The effort to achieve concerted cooperation is precisely the reason why the liberal world order endured for so long and attracted both democracies and autocracies alike. Even though the Soviet Union and the US competed for military power, both nations cooperated to reduce the number of nuclear arms when it threatened international security and worked on numerous space programs such as the Apollo-Soyuz test project and Mir Space Station. Today, while the US and Russia seems to be marching into ‘hot peace, both nations have worked together in the Security Council on passing directives to deal with oil spills in the Arctic.

For centuries, liberal ideals have lit the world by enhancing individual lives through spreading technological innovations and encouraging free trade. Technological innovations have allowed for faster travel and communication, which in turn made trading with different countries easier. After 1940s, the liberal order pushed for lower tariffs, free flow of ideas, goods, capital, and people. This in turn made nations that were once foes interdependent towards another which raised the costs of war. One only needs to look at datasets from Correlates of War to see that the rates of interstate war has gone down dramatically since 1945.

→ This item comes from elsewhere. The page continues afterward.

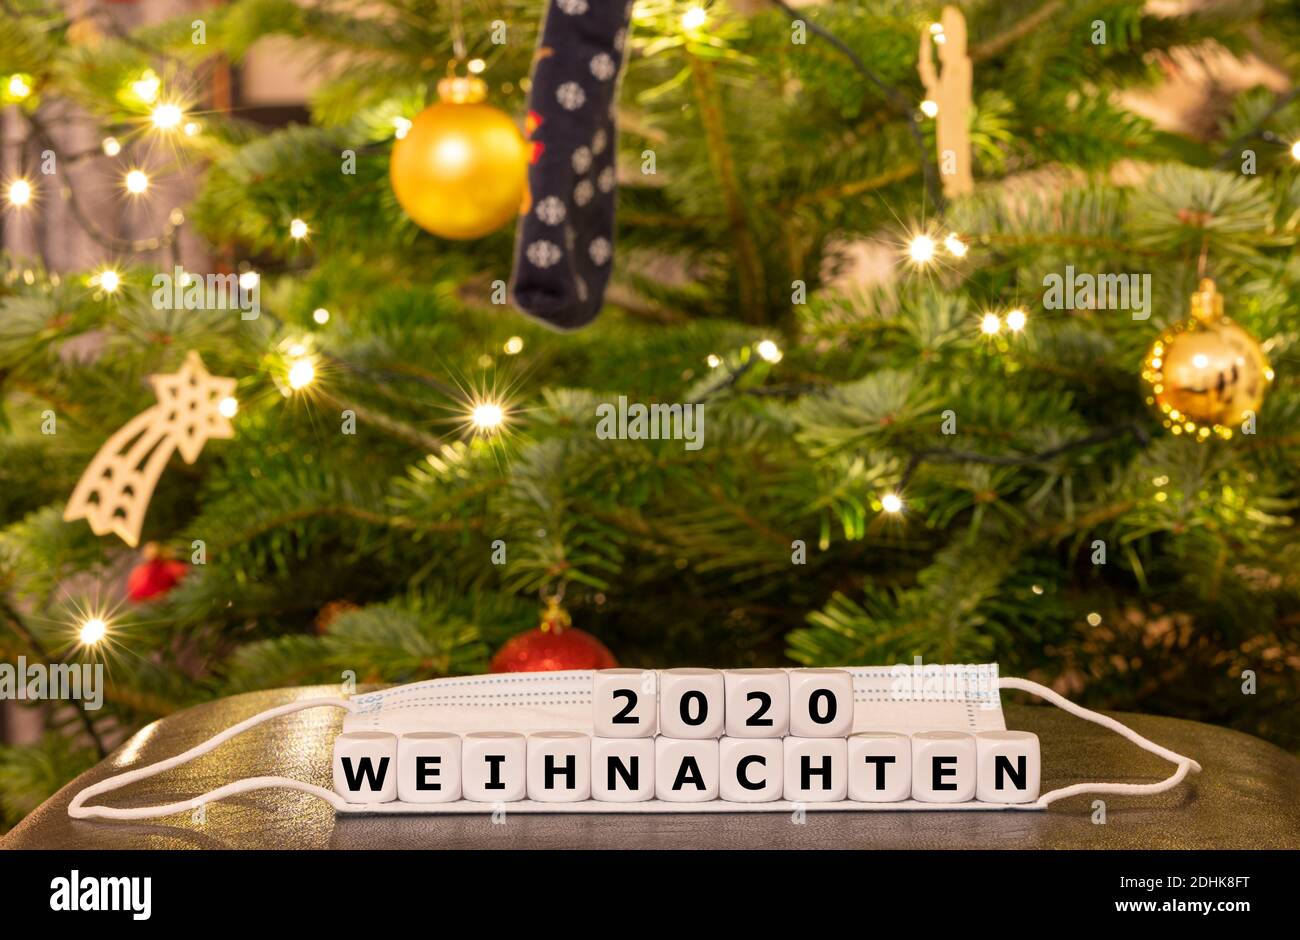 Simbolo del periodo natalizio durante la pandemia della corona. I dadi formano l'espressione tedesca 'Weihnachten 2020' (Natale 2020) sopra una maschera di faccia in Foto Stock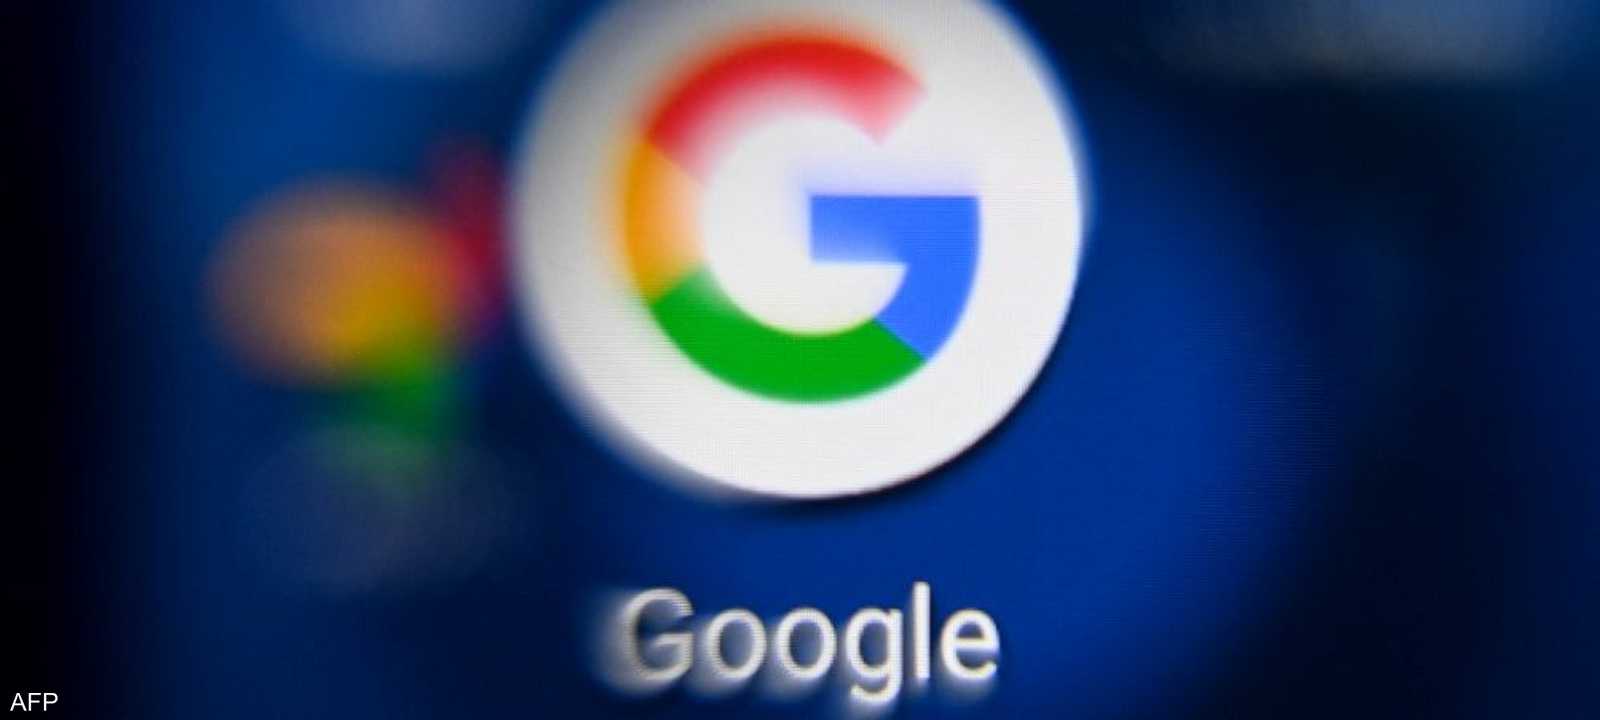 ألفابت مالكة غوغل تحقق إيرادات دون التوقعات من الإعلانات

The liberal world order will endure because of its ability to adapt to new challenges. It provided economic and security benefits not only to the US but to the world as well.

And in areas where the US has withdrawn its leadership position, other nations and leaders has come forward to carry the baton and lead the way. Japan carried on the TPP project and got eleven Pacific-Rim countries, plus Canada, to ratify it under a new name, Comprehensive and Progressive Agreement for Trans-Pacific Partnership.

Leaders such as Emmanuel Macron and Angela Merkel has spoken strongly about the importance of international institutions and liberal values such as open trade. Chinese president Xi Jingping even said in 2017 at Davao that China “should commit ourselves to growing an open global economy.”

The liberal world order we have today, the world we live in today, was shaped by the US but its longevity will not be decided by America’s hegemony. As shown above, America will continue to enjoy the benefits of liberalism and anyone who occupies the Oval Office will recognize that.

However, even as America takes a backseat in leadership role, other nations, because they want to continue and expand the benefits of liberalism, will make sure that the liberal order survives. Graham Allison said in 2017 that the liberal order is a ‘myth’. Well, it turns out others believe in this ‘myth’ and wants to see it succeed.